A few minutes’ walk from the hotel towards Mattmark is a wonderful old bridge over the mountain torrent. It is one of the most ancient structures in Switzerland; flat stones are laid, over-lapping more and more, to meet similarly placed flat stones on the other side of the stream, advantage being taken of big boulders of rock which approach to form natural buttresses. The whole is so overgrown with trees and moss that many pass over it without notice.

At Saas Fée, on a moraine in the midst of glaciers and ice falls, there is a tiny timber-built inn, presided over by Clara, who is well known for the good tea she always gives the tired traveller, and certainly her name ought to appear in the guide books. If only a hut could be built higher up the Lange Fluh, mountaineers could sleep above, and Clara could supply provisions from below; this would be a real gain to climbers.

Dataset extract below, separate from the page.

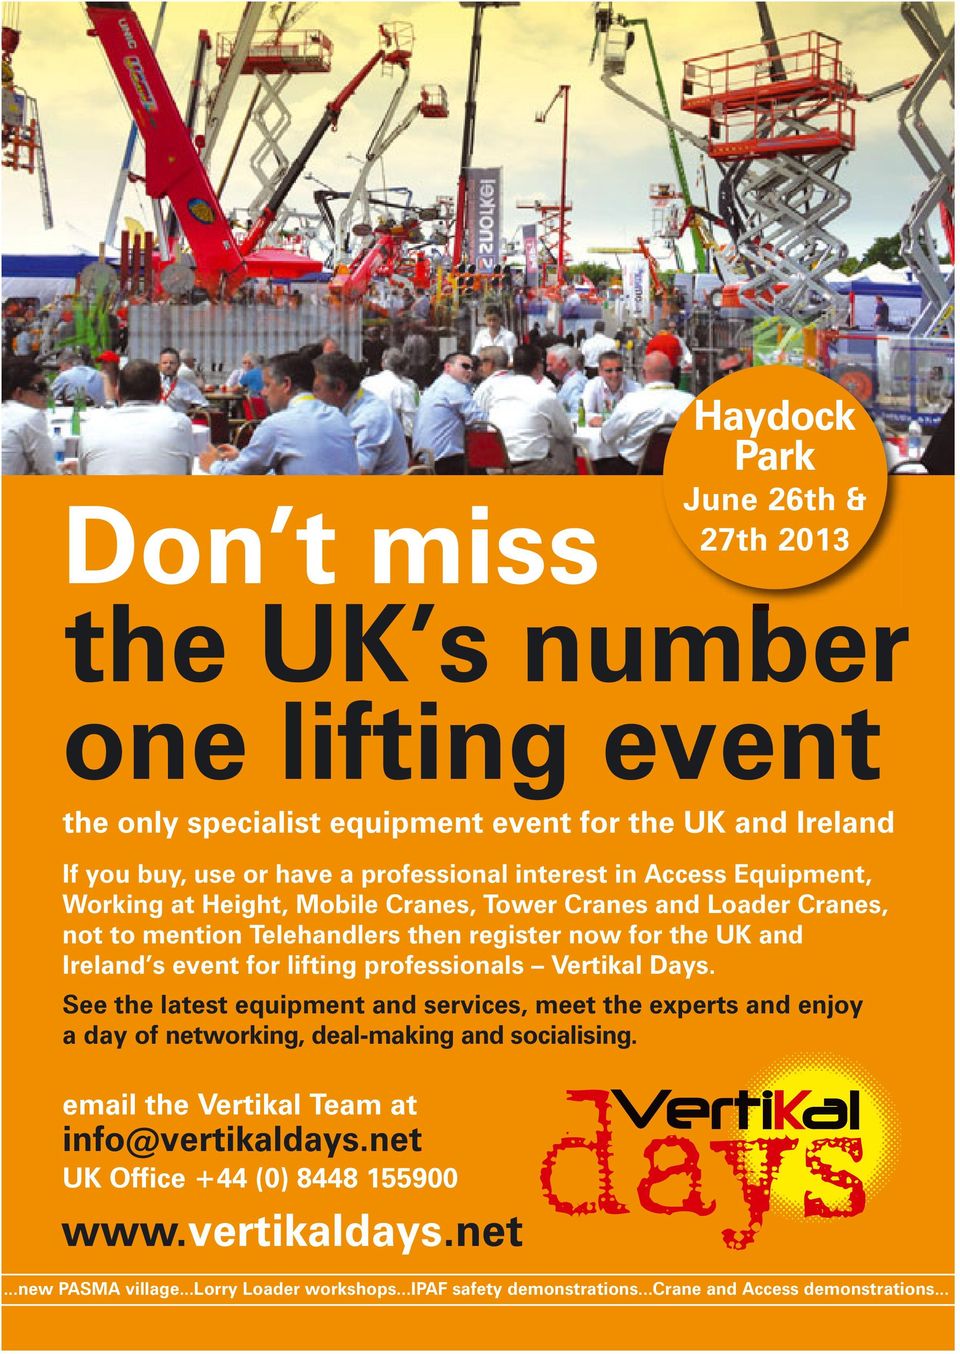 lifting professionals Vertikal Days. See the latest equipment and services, meet the experts and enjoy a day of networking, deal-making and socialising.

OLD STONE BRIDGE AT SAAS FÉE.

To test my friend’s feeble knee, he was to try the Portjengrat, a most interesting climb, in which I was much tempted to join; but having done it in a former season, I took a lazy day—then finding that after his climb my friend limped a good deal, I set about a serious expedition, the ascent of the Südlenzspitze, without him. With two good guides, and a porter to carry up blankets, firewood, and provisions, I started one afternoon and reached a rock some hours above Fée, where we were to sleep; with our axes we cleared away several hundredweight of ice and snow, lighted a fire, cooked two tins of Moir’s turtle soup, mixing it in a big pot with pannikins of snow. Words can’t express how good it was, how it hit the right place! We ate in the dark, except for a feeble lantern; then spreading a rug over the little shelf we had cleared, we all lay down as tight as sardines in a tin, so that I could not even turn on my long axis. I was not very cold, having on three pairs of stockings, three waistcoats, a shawl, a rug, and the blanket in which we were all packed. There was no need for me to fear walking in my sleep over a precipice. I didn’t sleep. The wind nearly blew me out of my rug and howled like a savage beast, but at length the morning broke and “tipped the hills with gold.” Day-dawns such as these live in the memory for ever. After a cup of hot chocolate, the porter went down, and we began to climb the Südlenzspitze, a peak over 14,000 feet high, next to the Dom one of the highest points in Switzerland; several parties had failed this year, and we were anxious to do it with the Nadelhorn as well, to crown our success. The Südlenzspitze is not a “guide book mountain,” but it is a good climb, and there is an awkward gendarme, or pinnacle, standing up like an obstructing sentinel on a ridge along which it is necessary to travel. This gendarme may be the size of a church or not larger than a lamp post, and give serious trouble to the climber. However, we struggled to the top, and found a tremendous wind on the peak, so that we had to wear our sleeping caps over our ears and feel now and then our frozen features. Byron must have imagined such an ascent when he wrote those fine lines:

He who ascends to mountain-tops, shall find

The loftiest peaks most wrapt in clouds and snow.